North MP Jamie Stone welcomed the UK health secretary's announcement.Picture: DGS
North MP Jamie Stone welcomed the UK health secretary's announcement.Picture: DGS

He told the Liberal Democrat MP: "It’s a critical principle that it should be deployed according to clinical need not according to where you live across the United Kingdom."

Mr Stone said: "I have a duty to ensure that the specific needs of my constituency are acknowledged by the Westminster and Edinburgh governments.
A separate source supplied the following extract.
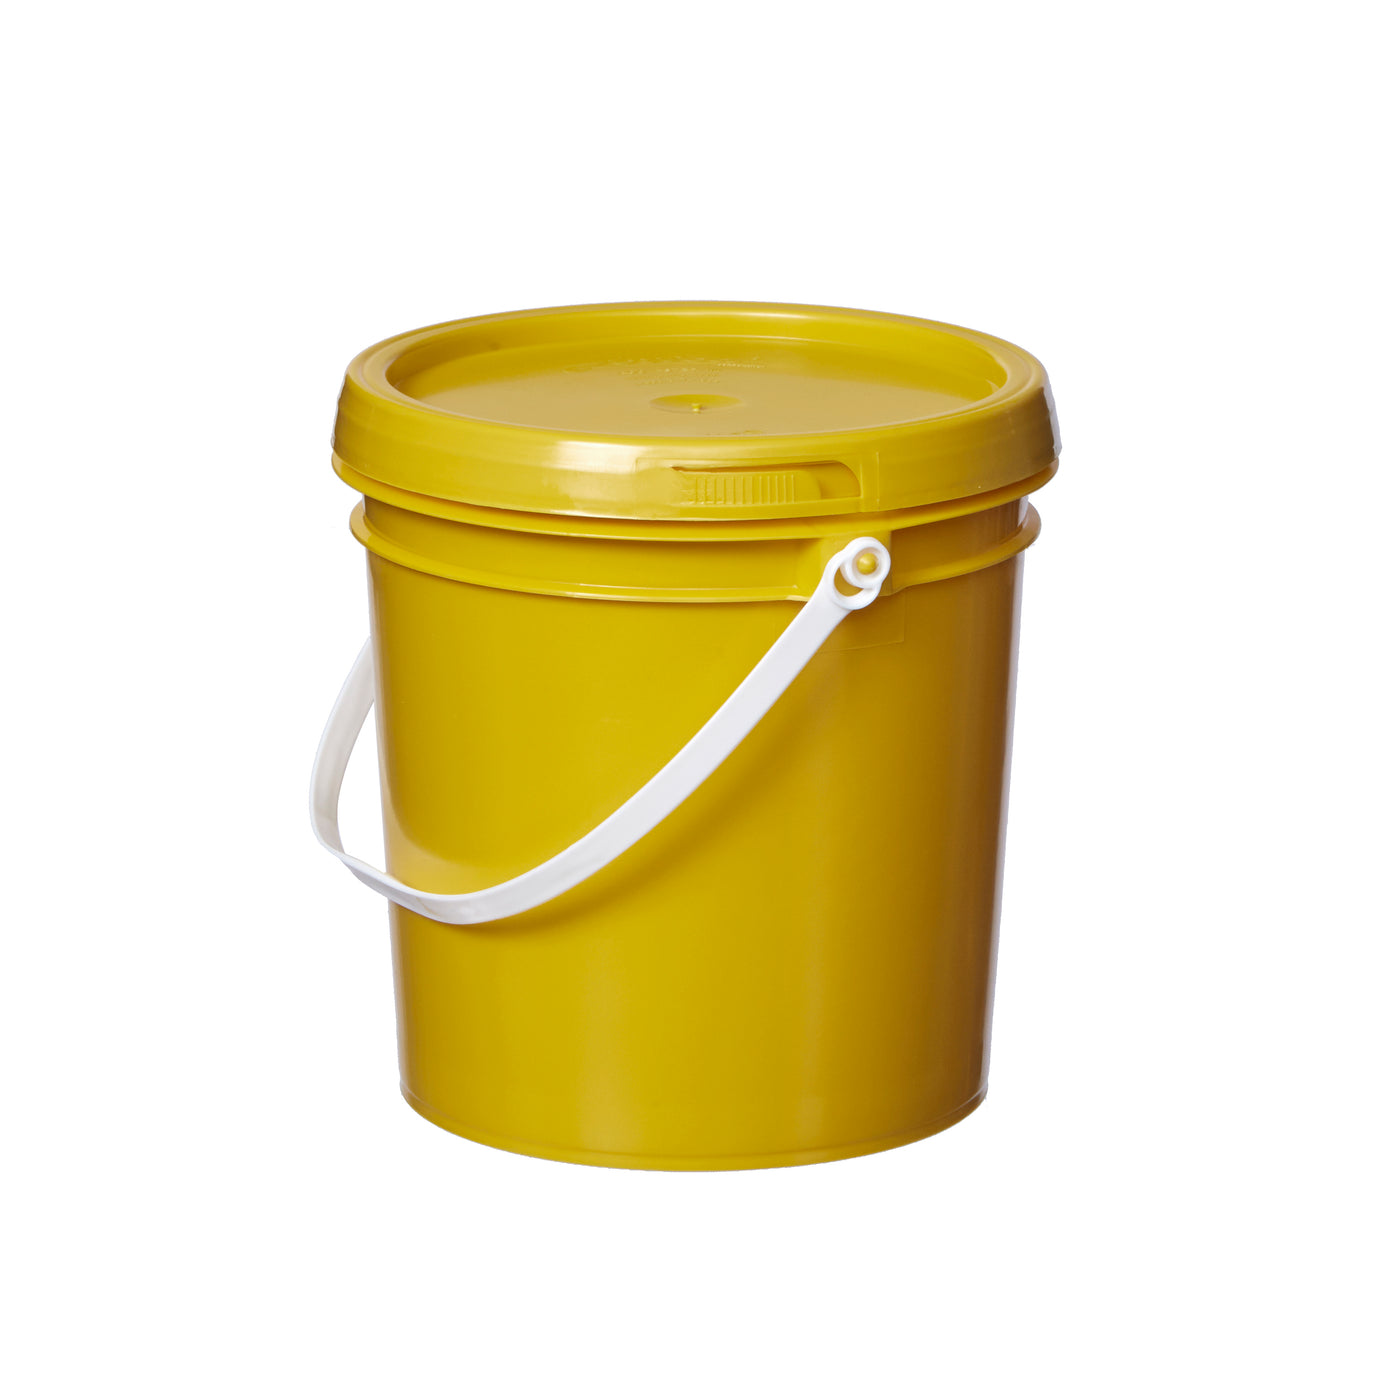 5 Gallon Plastic Bucket Accessories, Made by Affordable Buckets

It's reassuring to know that the UK government has plans to distribute any vaccines according to medical need, but the logistics of this must be planned well in advance and take note of different needs across the country.

"If we are serious about getting the vaccine to the most vulnerable first then the Scottish and UK governments must ensure that people in the far north will not have to travel for hours just to access this urgent health care.

"I will do everything in my power to ensure that the vaccine does not fall victim to yet another postcode lottery. I continue to demand that both governments co-operate. People, not politics, must come first."

Vaccines – developed by pharmaceutical companies Pfizer and BioNTech as well as one by US company Moderna– could prevent over 90 per cent of people from getting Covid-19. The vaccines are among 11 in the final stages of testing.

It is hoped the Pfizer and BioNTech vaccine could be in use by the end of November with a limited number of people receiving it this year, although it is likely to be next year before it would be widely used.

Mr Stone wants to ensure the government has a strategy that prioritises the most vulnerable and pointed out his constituency has many elderly people.

The announcement about the vaccines has also been welcomed by Caithness Health Action Team chairman, Bill Fernie, who said it was "good news".